Aruba controllers to Arista routers

This thread has been viewed 8 times
  • 1.  Aruba controllers to Arista routers

    Posted Oct 04, 2021 08:25 AM
    We have changed our WiFi environment from Juniper routers to Arista routers.  We have had our WiFi on the Juniper routers for 6 years. We run 8OS. We have 8 controllers 4 in one building and 4 in another building. The night we made our change to Arista routers the building 1 side worked great, the other building 2 had issues which caused the entire network to see slowness and random drops with non connectivity.  If we shut off building 2 the network was stable, when introducing building 2 the network would break.  We had Aruba engineer (Subramanian, Vasudeva)  and Arista engineers working seamless together in resolving this issue. We appreciate all the hard work both parties gave us.
    Below are the notes from Aruba and Arista on what the issue was: 

    Arista notes:
    Flow for forward direction : Client (AP) [GRE encap] --> Alden/CSC leafs (building aggregation pod) --> core --> Alden/CSC wireless (7280SRs) --> Aruba Alden/CSC controllers [GRE decap] --> Alden/CSC wireless --> core (internet)

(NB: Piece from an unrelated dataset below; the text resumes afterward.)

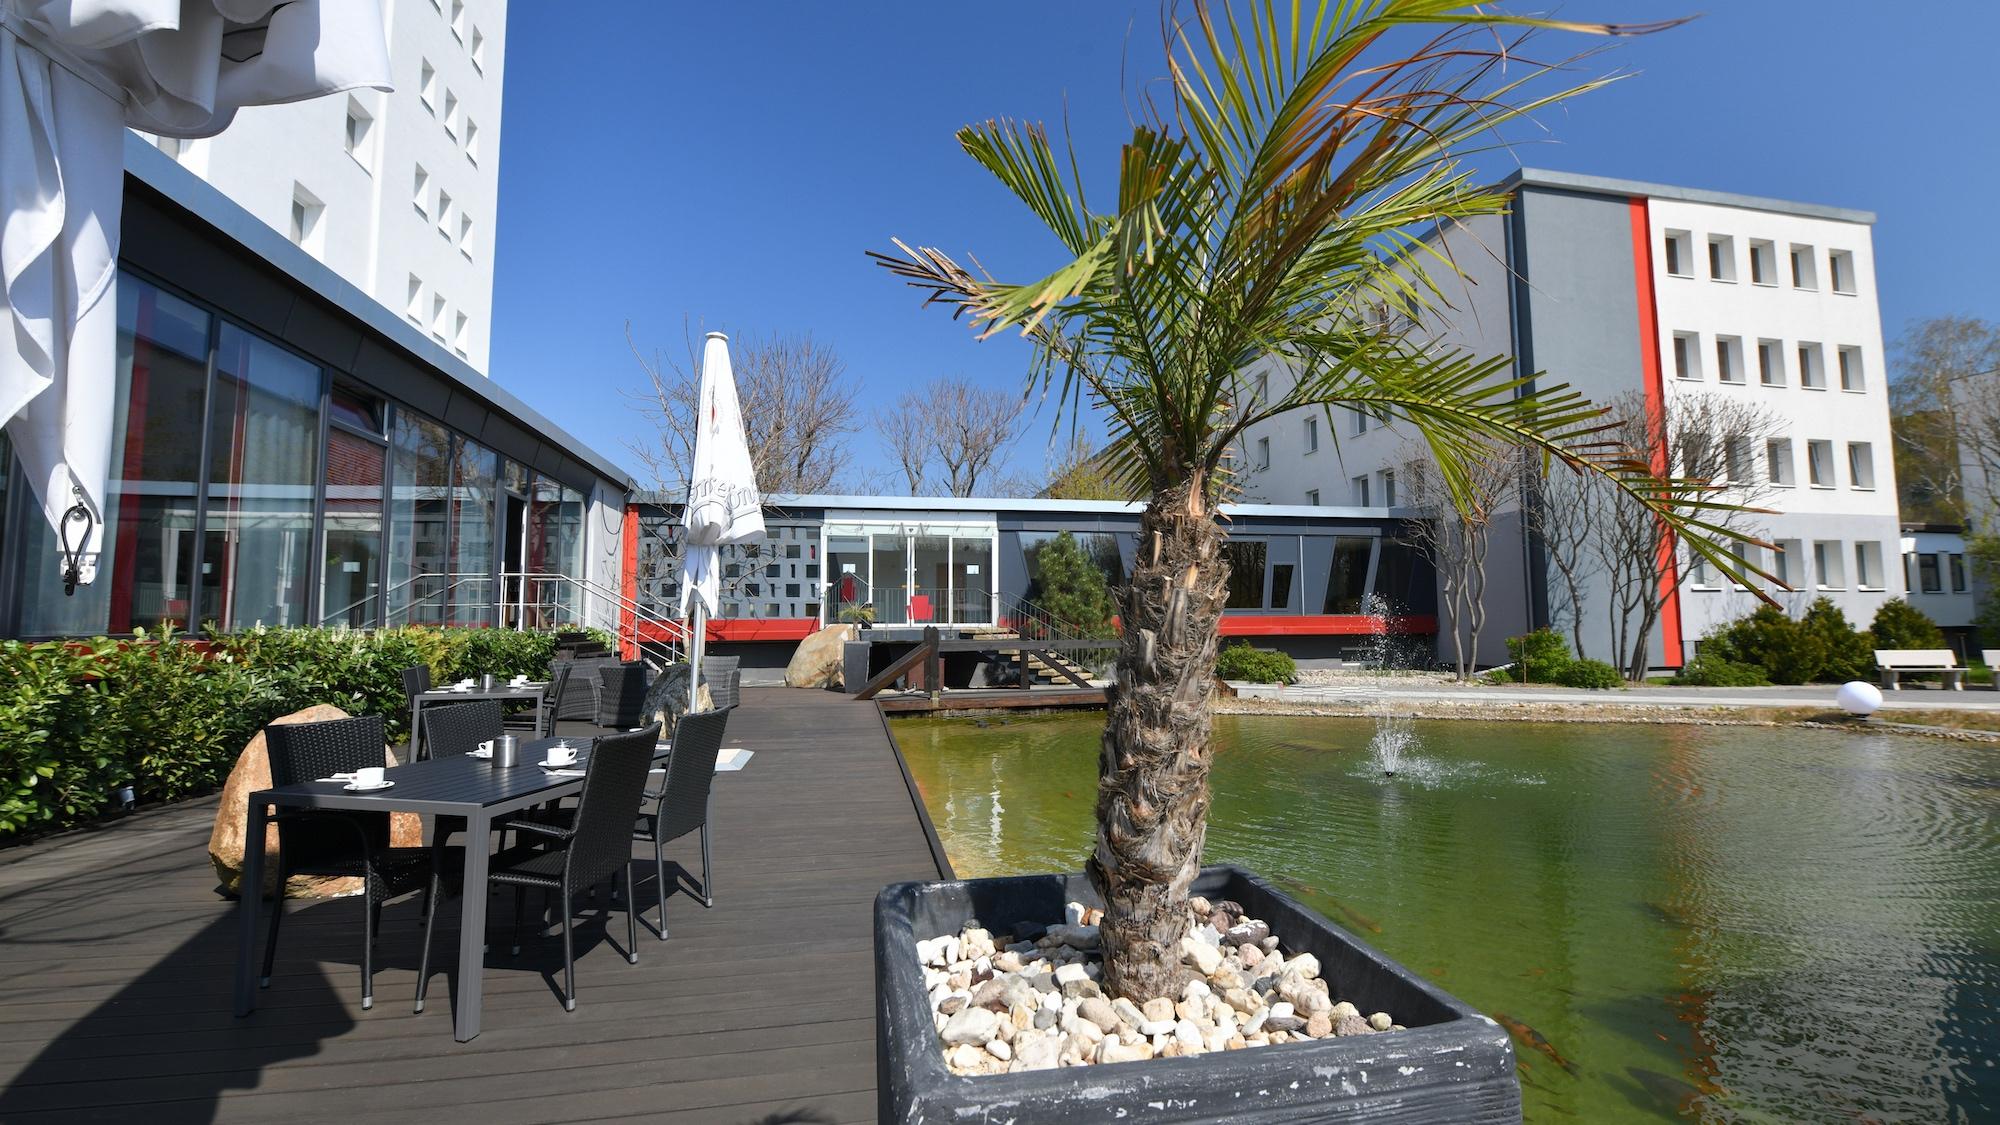 Skyhotel merseburg hostel leuna halle seetarrasse

    Problem Description : Shortly after replacing Junipers as connection switches to the Aruba WAP Controller Clusters, large ping loss and wireless performance issues were noted. This broken state started around 3:00 PM EST on 9/26. Performance issues and packet loss ended when the controllers were no longer acting as a cluster.

    Troubleshooting performed today : 

    --> We took a couple of packet captures to understand what kind of traffic was hitting the controller that was causing their CPU utilization to spike - A TX capture on Po101 of the CSC-wireless router (connected to the .201 controller), capture on SVI 2700/2710 of both CSC/Alden wireless switches. We filtered out ARP, IGMP, DHCP and MDNS - We did not find any significantly heavy broadcast/multicast flows.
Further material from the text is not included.